Sixteen key informants evaluated the appropriateness of the dimensions and items of the measurement. We found that except for the item ‘patient provided the previous medical history’, the median scores of four dimensions and 23 items were 7–9 and DI < 1 (Supplementary File 6). Therefore, we deleted the item ‘patient provided the previous medical history’ (Table 2).

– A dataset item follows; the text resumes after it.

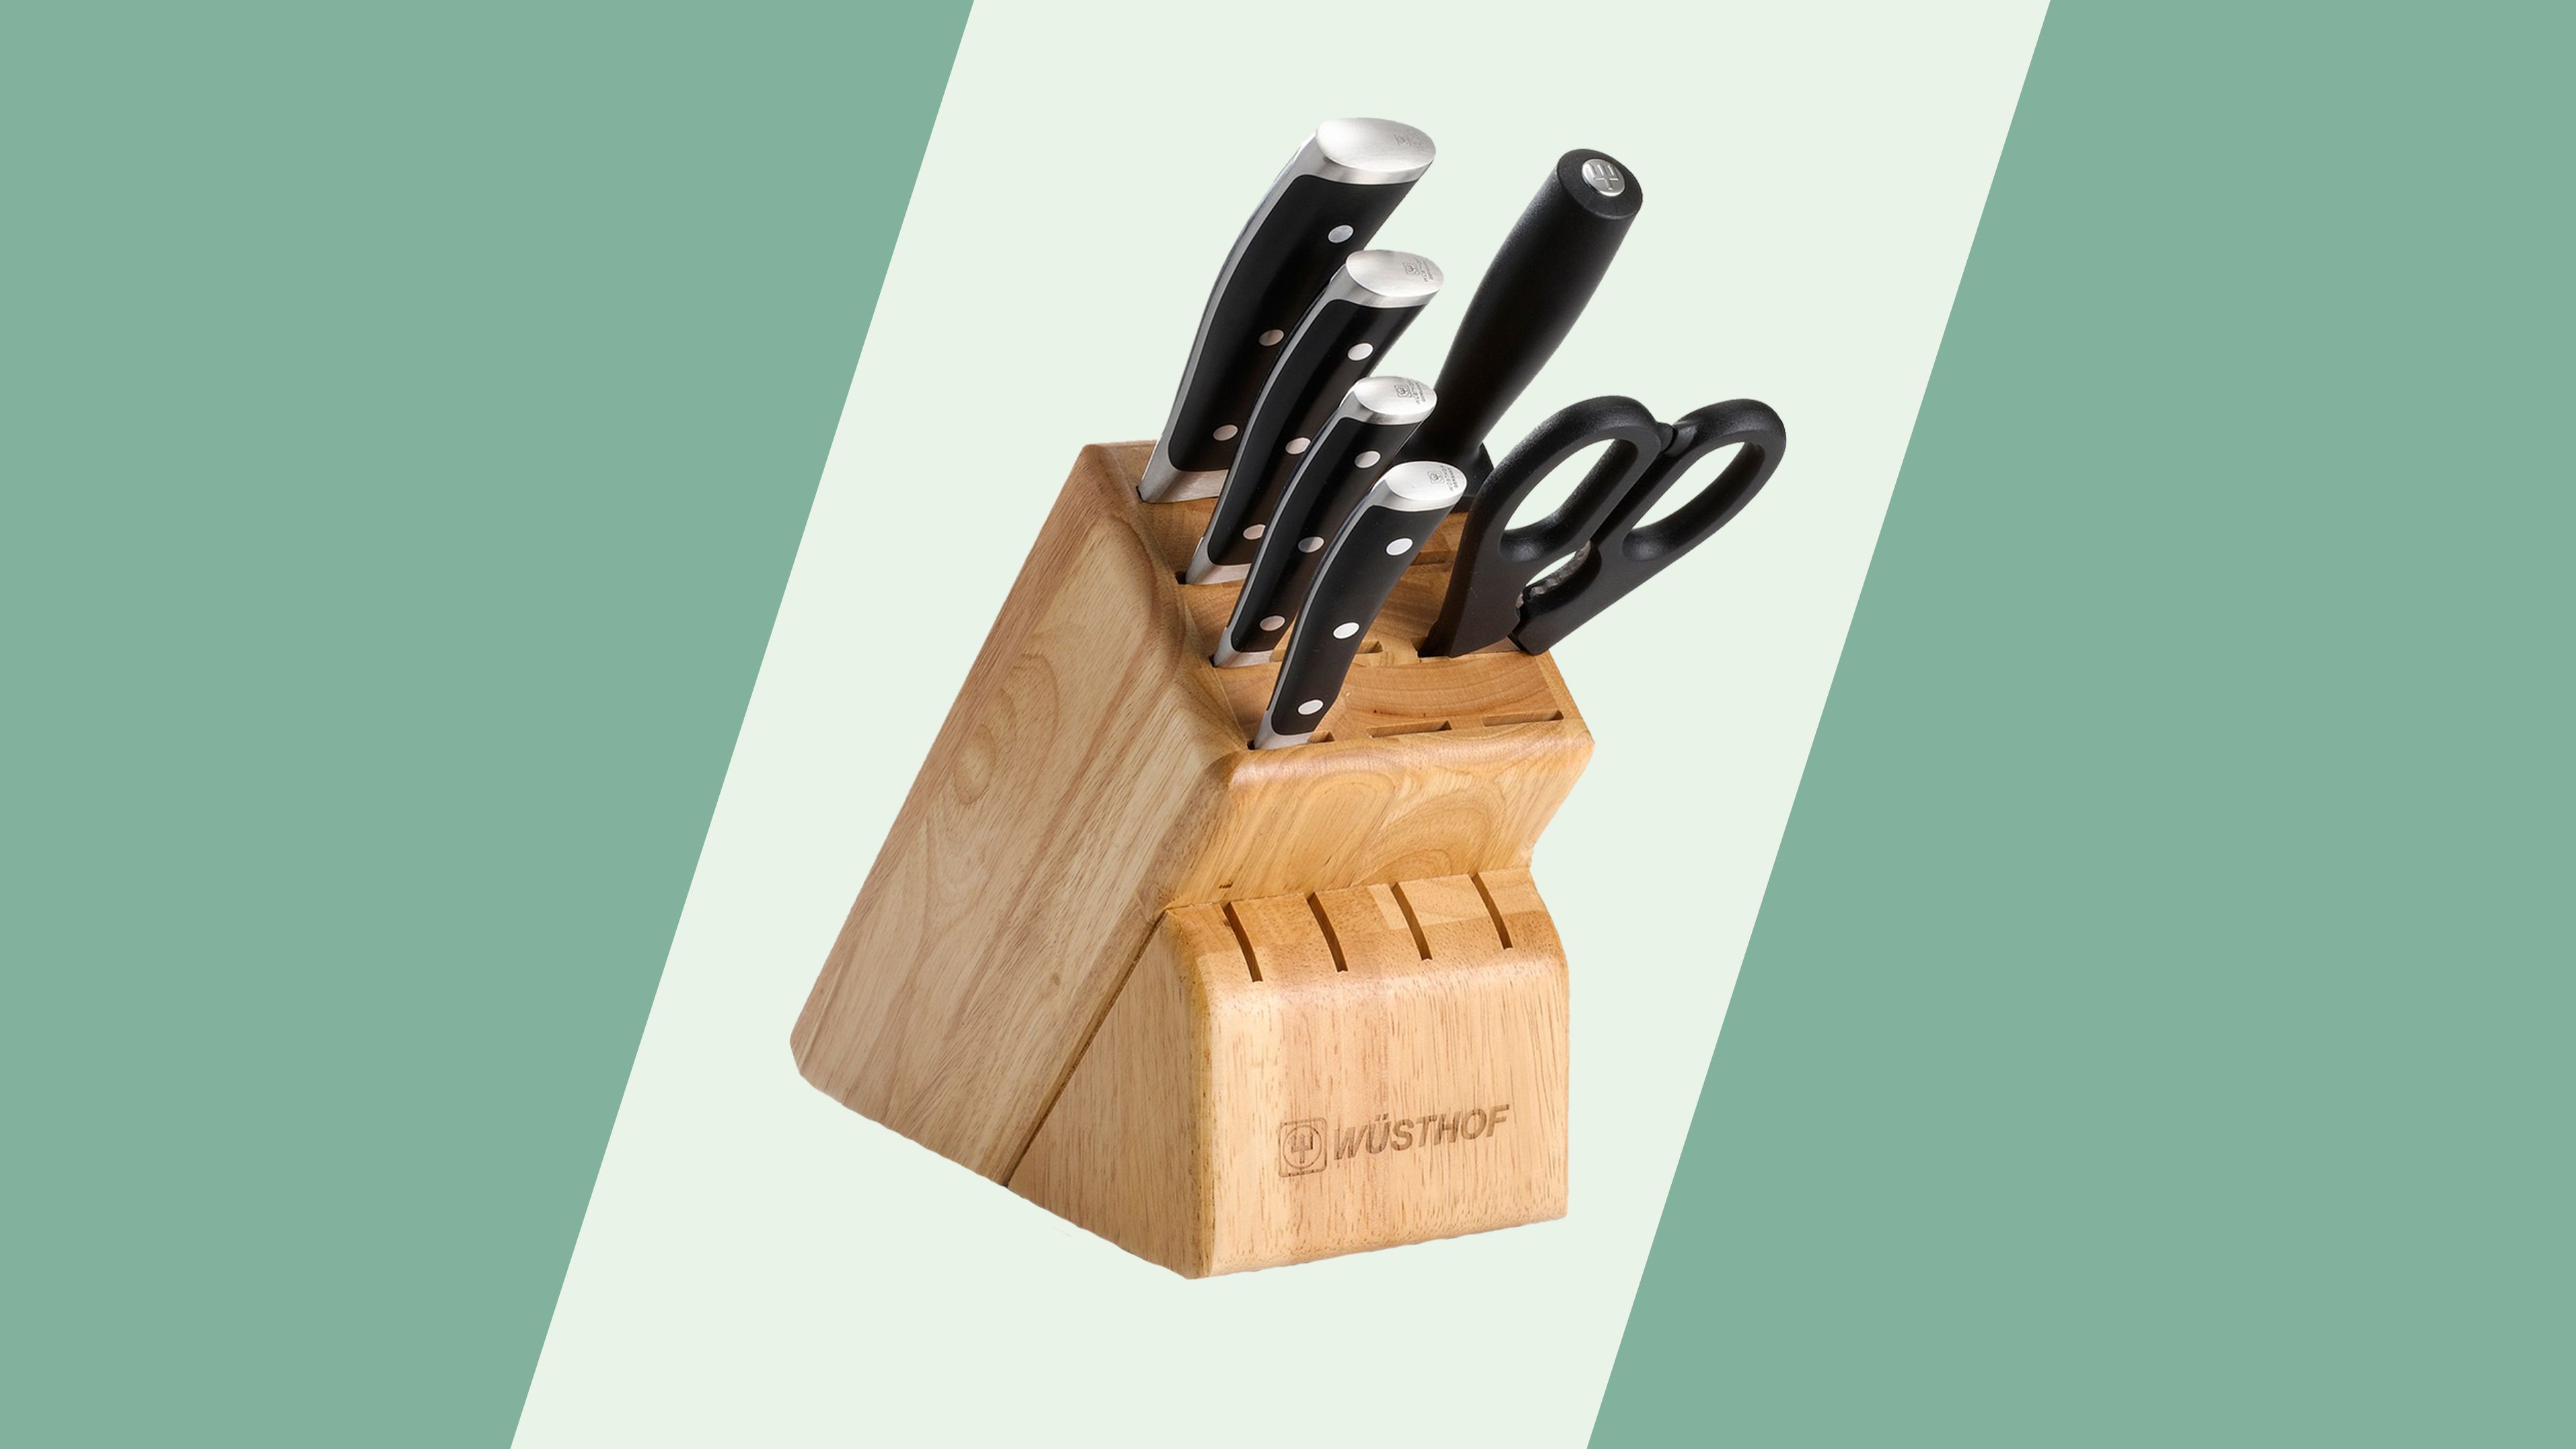 https://media.cnn.com/api/v1/images/stellar/prod/200917110012-best-kitchen-knife-set-wsthof-classic-ikon-7-piece-walnut-block-knife-set.jpg?q=w_3829,h_2154,x_0,y_0,c_fill

Reliability and validity results

In the pre-survey, we deleted two items ‘patient provided the compliance of drugs’ and ‘in the medication plan, provider provided compliance information of drugs’, which were not observed in actual encounters (Table 2). In the formal survey, 150 clinician–patient encounters were provided by 150 clinicians from 15 provinces/municipalities (50 clinicians from eastern China, 50 from central China, and 50 from western China), and 150 pharmacist–patient encounters were provided by 27 pharmacists from 14 provinces/municipalities (19 pharmacists from eastern China, 4 from central China, and 4 from western China). Finally, 300 provider–patient encounters were included for analysis, and we found that the scores of these items were generally not high (Table 3). Among them, there were three items with an average score >1, which were ‘patient provided the overview of drugs’, ‘patient provided the main symptoms’, and ‘in the medication plan, provider considered the patient's expectations and concerns’. Harman single factor test results found that the cumulative percentage of the first factor was 16.648% by exploratory factor analysis, less than the threshold of 40%. Therefore, common method biases were not severe, and subsequent analysis could be conducted.

Table 3.

Interrater reliability and single indicator validity of the measurement.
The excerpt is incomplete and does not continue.